* Assignment: Return nothing but the lines from the one with "Kartografii i Geoinformatyki" through the one with "SAH, Rendalen prestekontor, H/Ha/Hab/L0003: Klokkerbok" in the data below, word for word and without pictures.

* Source records:
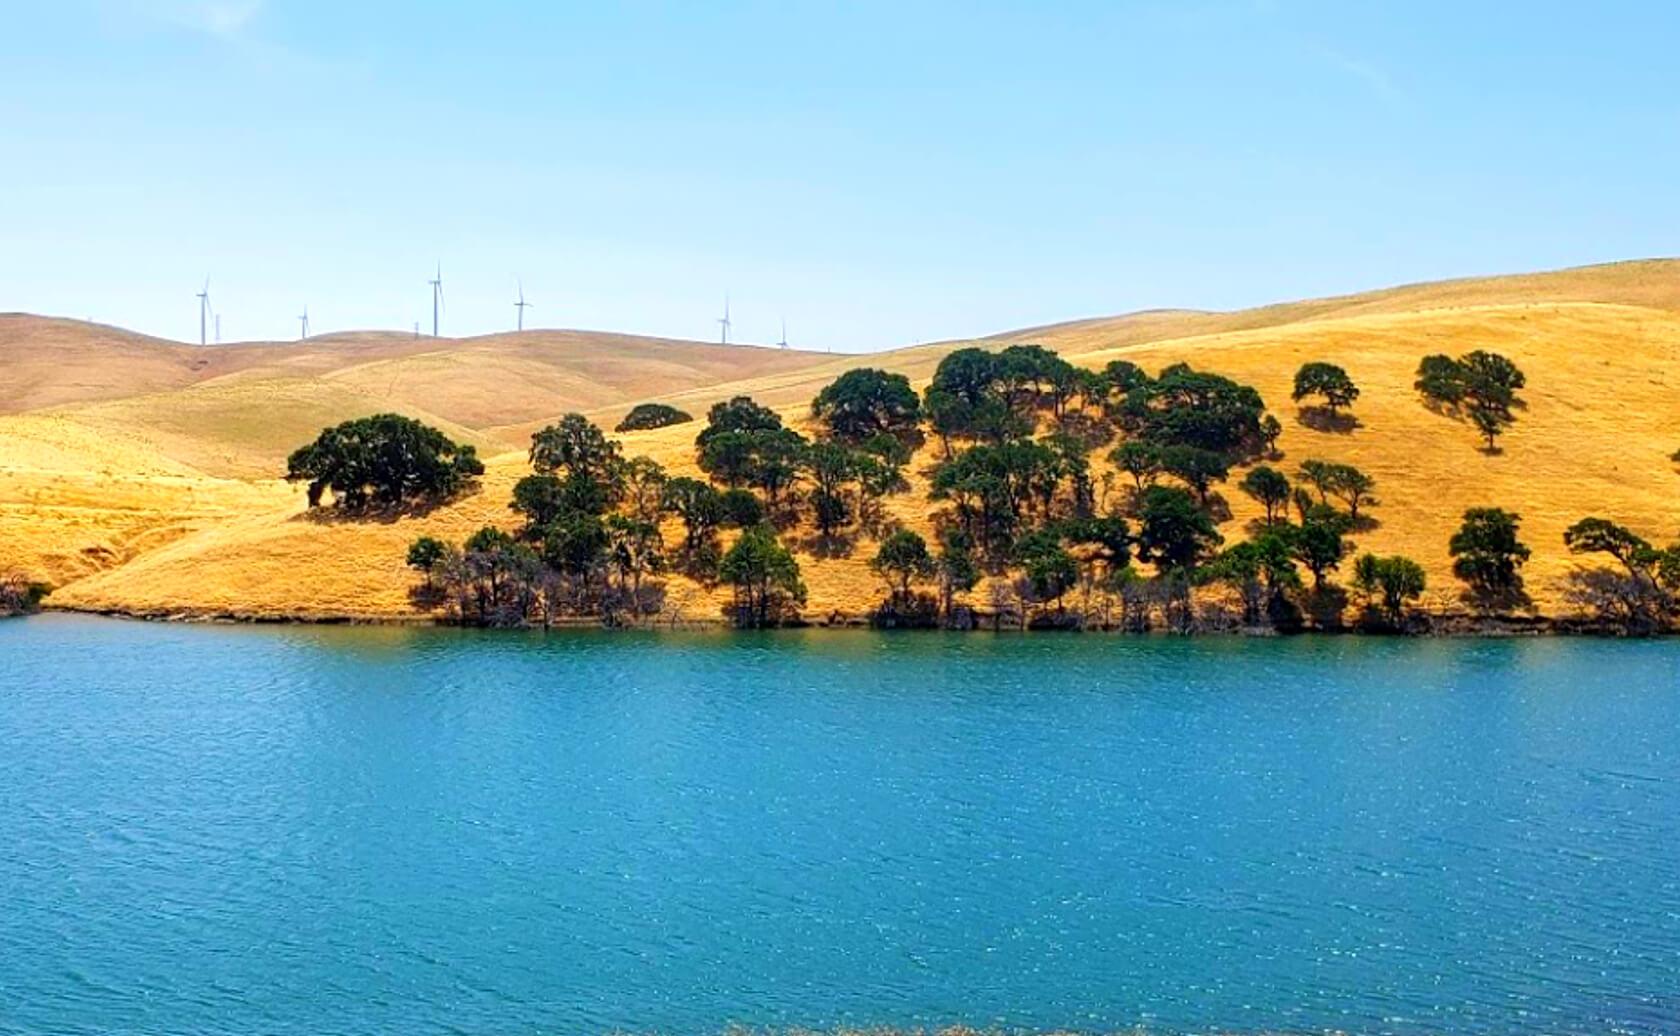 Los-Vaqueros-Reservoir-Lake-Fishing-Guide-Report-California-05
---
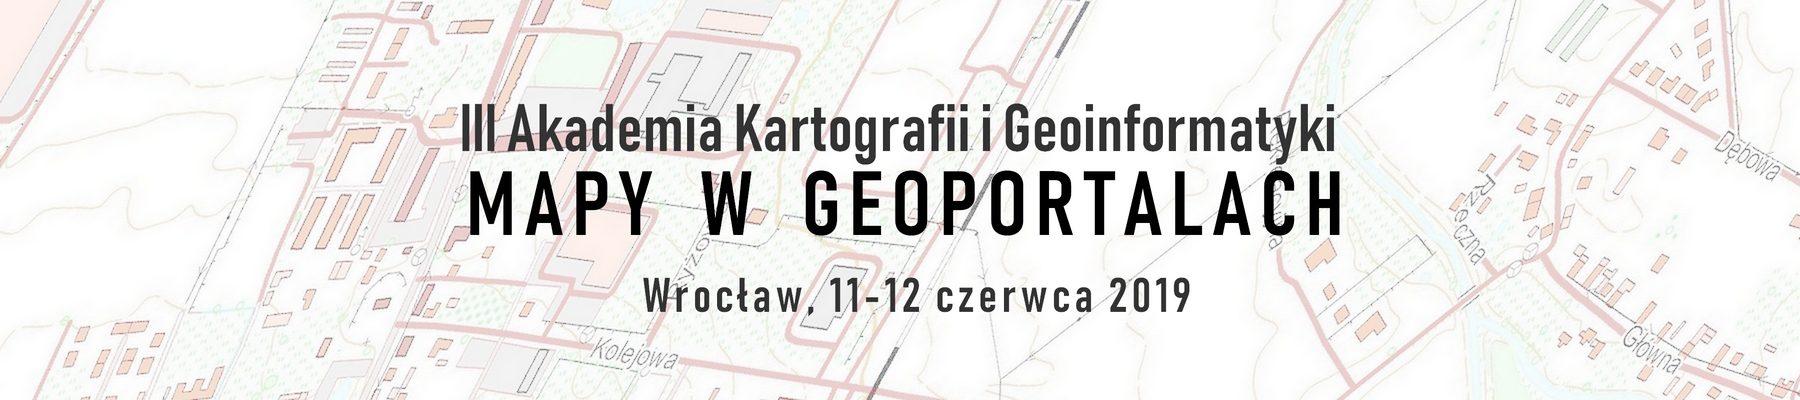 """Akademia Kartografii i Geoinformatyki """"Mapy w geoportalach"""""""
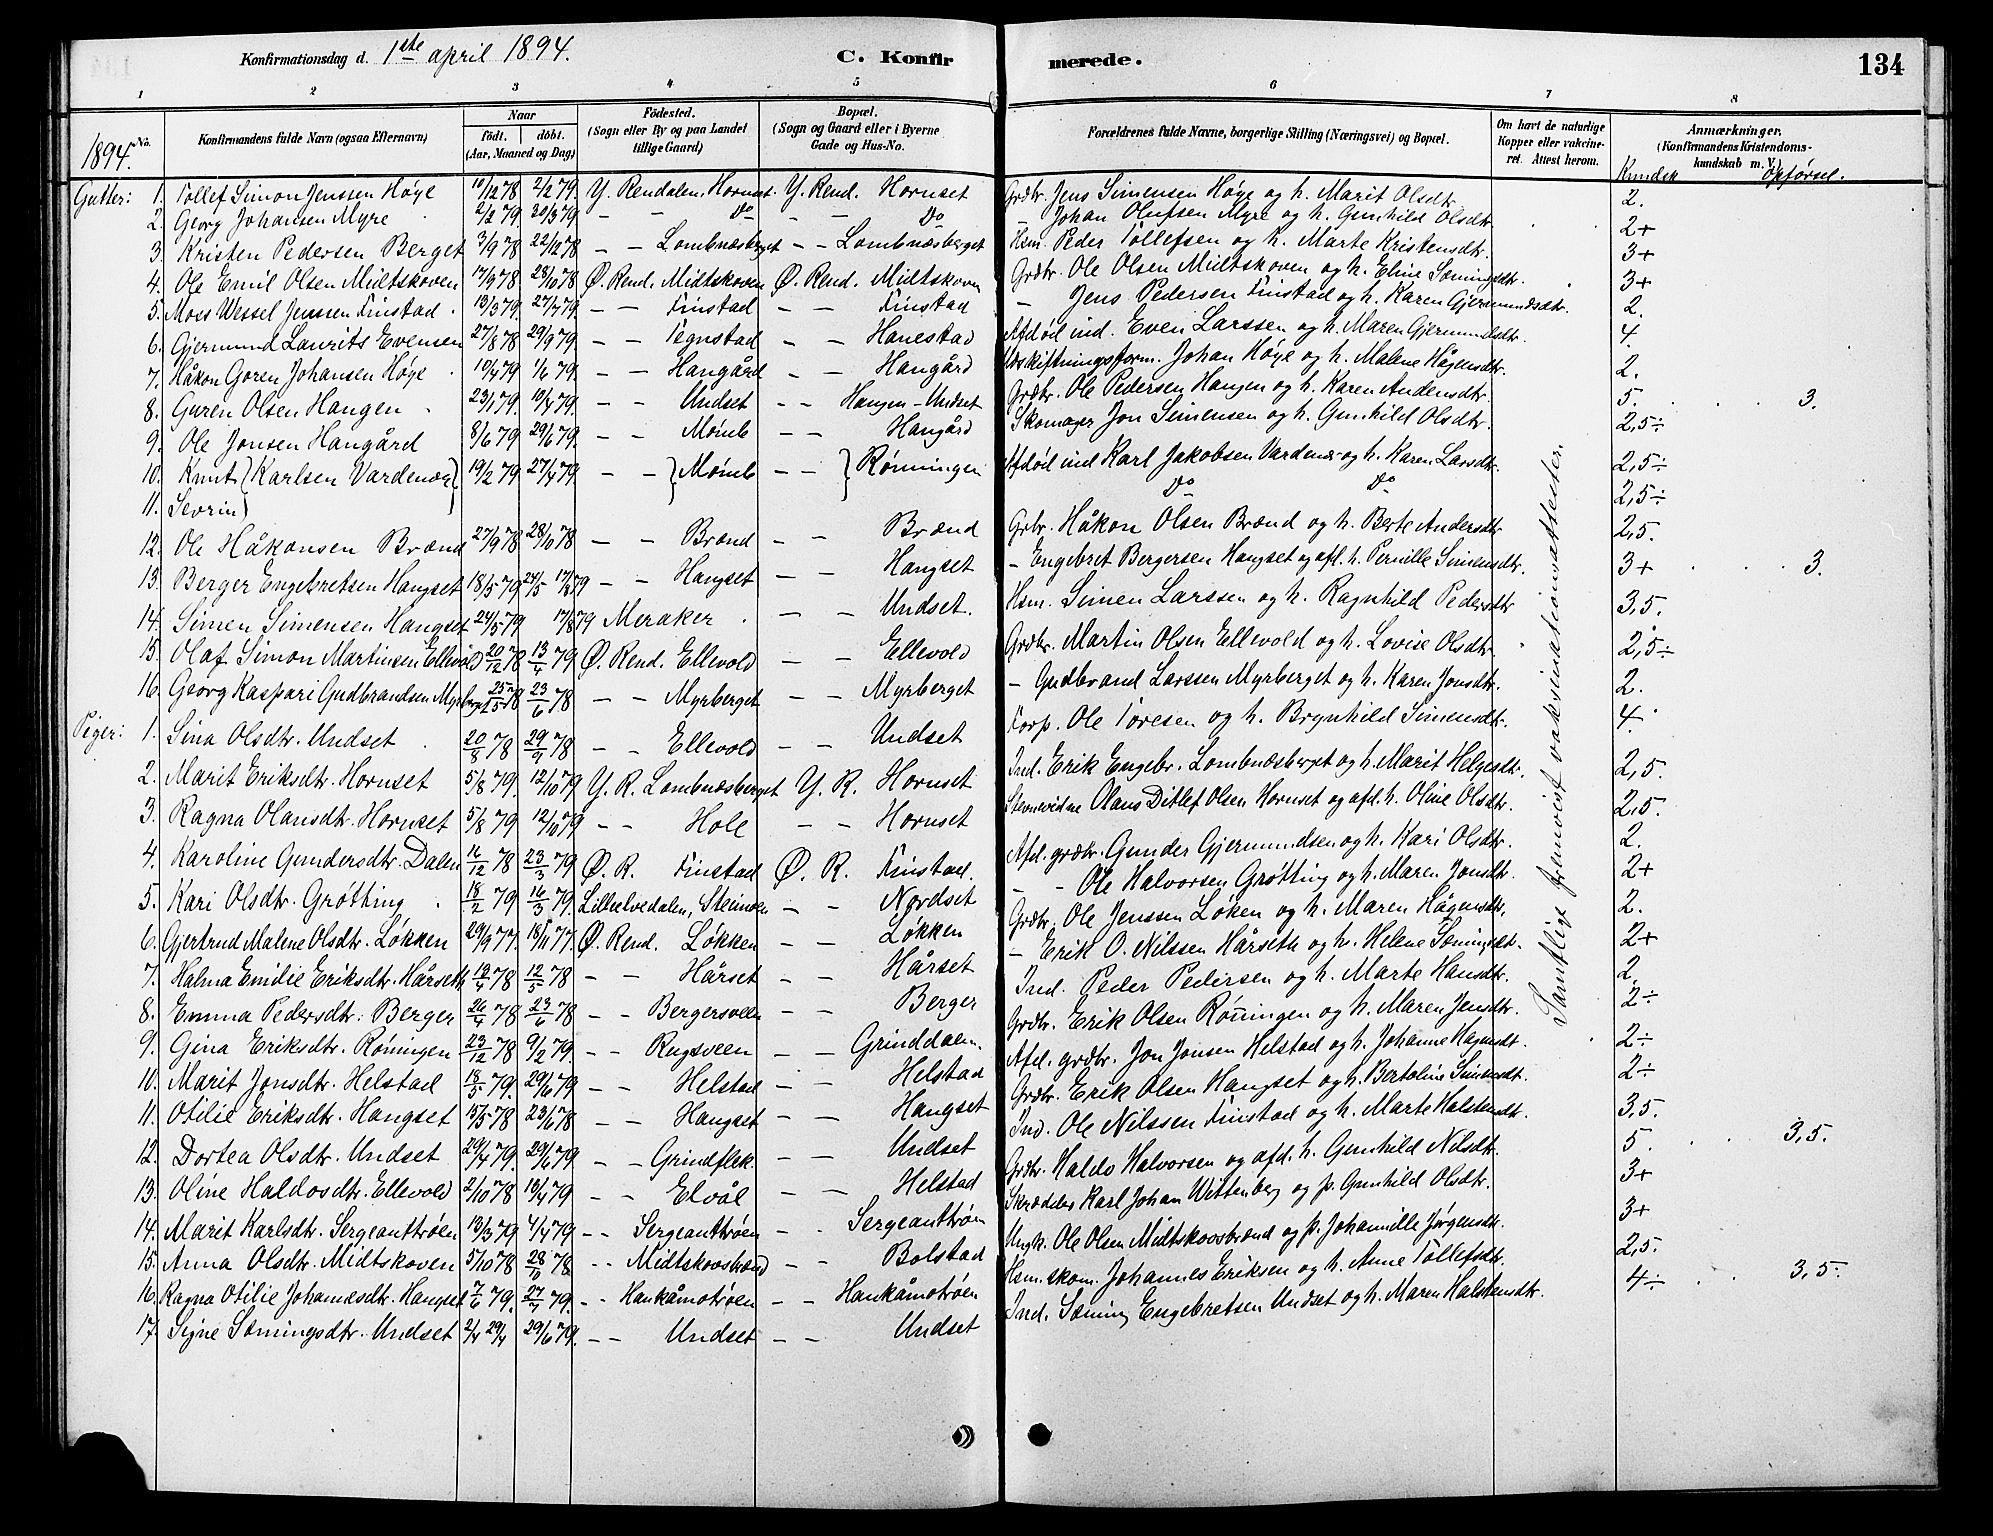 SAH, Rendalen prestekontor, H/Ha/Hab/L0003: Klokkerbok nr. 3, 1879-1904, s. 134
* * *
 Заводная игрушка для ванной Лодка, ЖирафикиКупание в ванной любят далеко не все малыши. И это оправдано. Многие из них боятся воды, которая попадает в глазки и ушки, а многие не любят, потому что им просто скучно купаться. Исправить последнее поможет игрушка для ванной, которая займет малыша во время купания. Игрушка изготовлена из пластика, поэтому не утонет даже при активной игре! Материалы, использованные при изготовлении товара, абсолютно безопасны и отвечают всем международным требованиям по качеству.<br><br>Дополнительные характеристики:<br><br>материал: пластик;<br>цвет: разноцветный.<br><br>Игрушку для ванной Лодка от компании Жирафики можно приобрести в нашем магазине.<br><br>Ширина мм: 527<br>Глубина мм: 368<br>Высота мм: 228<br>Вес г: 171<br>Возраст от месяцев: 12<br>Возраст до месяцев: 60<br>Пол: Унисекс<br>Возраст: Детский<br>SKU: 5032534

* Output of the exercise:
 """Akademia Kartografii i Geoinformatyki """"Mapy w geoportalach"""""""
 SAH, Rendalen prestekontor, H/Ha/Hab/L0003: Klokkerbok nr. 3, 1879-1904, s. 134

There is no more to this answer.